HELENA — With the new year approaching, big changes are coming to Montana’s income tax system.

Back in 2021, the Montana Legislature approved a major overhaul to the state income tax structure, with the most significant adjustments set to take effect at the start of 2024. You won’t see the changes when you file your income tax return in the coming months, but they’ll be very noticeable the following year.

Senate Bill 399, sponsored by Sen. Greg Hertz, R-Polson, makes a wide range of reforms – including to who has to file income tax returns, how they’ll file and the rates they’ll pay. Supporters said the goal of the law is to simplify income taxes in the state.

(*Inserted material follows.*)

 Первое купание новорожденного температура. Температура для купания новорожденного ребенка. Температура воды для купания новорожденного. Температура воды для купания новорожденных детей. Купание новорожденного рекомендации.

Montana currently has seven tax brackets, based on levels of income – with a different tax rate for each, ranging from 1% on the lowest bracket to 6.75% on the highest.

Under the new law, that will be reduced to two brackets, with a 4.7% lower rate and a 5.9% higher rate. The Montana Department of Revenue reports the higher rate will apply to income above $20,500 for single taxpayers and married couples filing separately, above $30,750 for heads of household and above $41,000 for married taxpayers filing jointly and qualifying surviving spouses.

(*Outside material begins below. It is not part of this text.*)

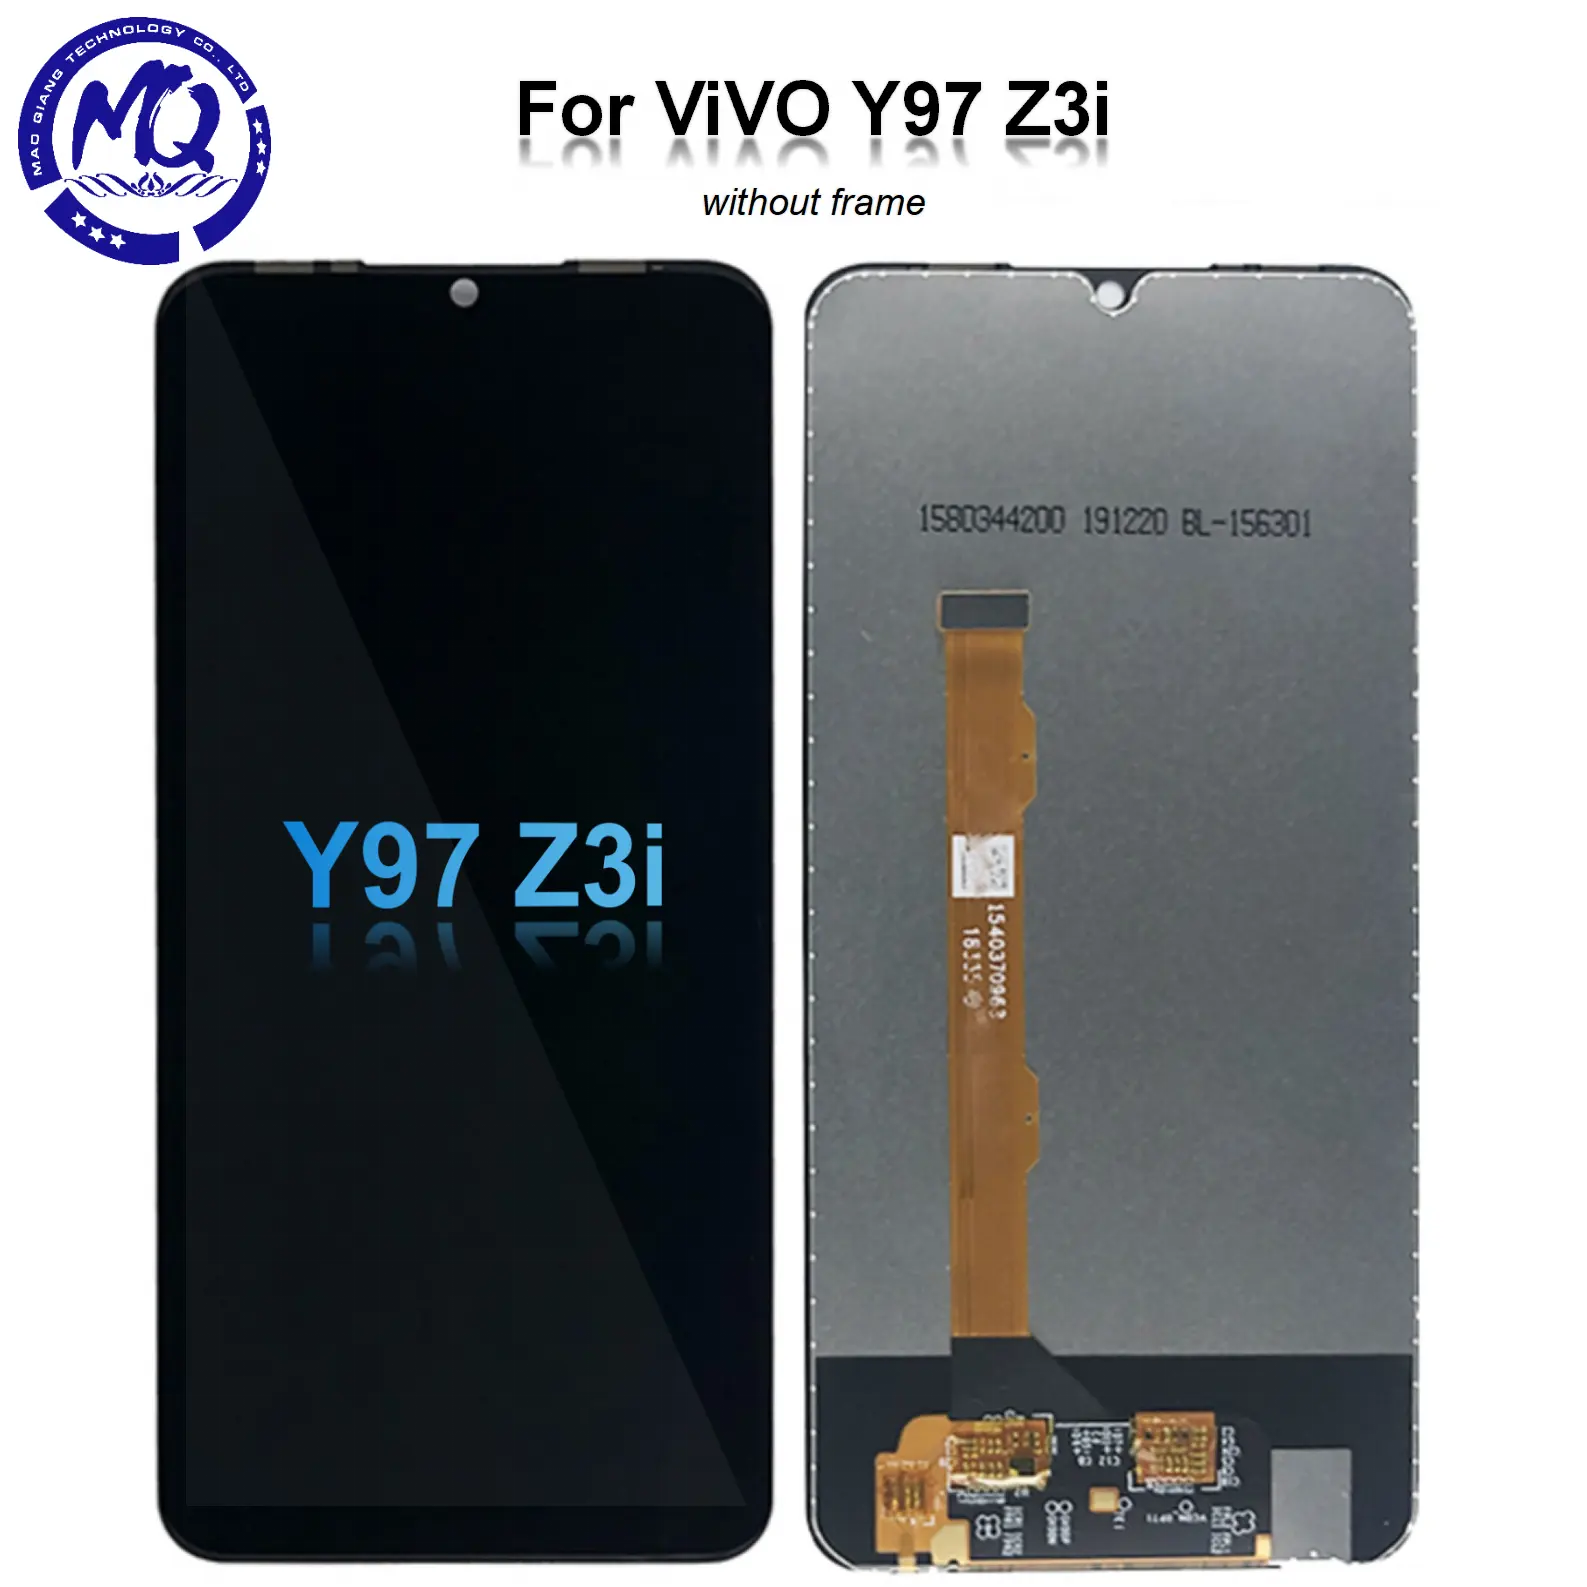 एलसीडी के लिए विवो Y97 Z3i एलसीडी टच स्क्रीन विधानसभा के साथ विवो Y97 Z3i स्क्रीन प्रदर्शन के लिए मोबाइल फोन एलसीडी के लिए विवो Y97 Z3i

Under SB 399, taxpayers will have to use the same filing status for their state and federal returns. Most notably, that means married couples won’t be able to file separately for Montana if they file jointly on the federal return.

In addition, the state taxable income will be tied to federal taxable income – a change that means thousands more lower-income Montanans won’t have to pay any state income taxes, because of the higher federal standard deduction.

SB 399 also eliminated a number of tax deductions and credits. Many of those changes have already been implemented.

In 2021, Hertz told MTN he had wanted to implement the full overhaul sooner, but lawmakers decided to delay it to make sure it fit with federal requirements that forbid states from using American Rescue Plan Act money to cut taxes.

An analysis shared by MTN in 2021 found SB 399 would likely have a diverse impact on taxpayers, with a mixture of households in each income level experiencing higher and lower taxes.

When the bill was initially passed, it set the higher tax rate at 6.5%, but during the 2023 legislative session, lawmakers approved Senate Bill 121, which lowered it to 5.9%.

Again, income tax returns due this April will be based on the 2023 tax rules. The new rules will come up when you’re filing in April 2025.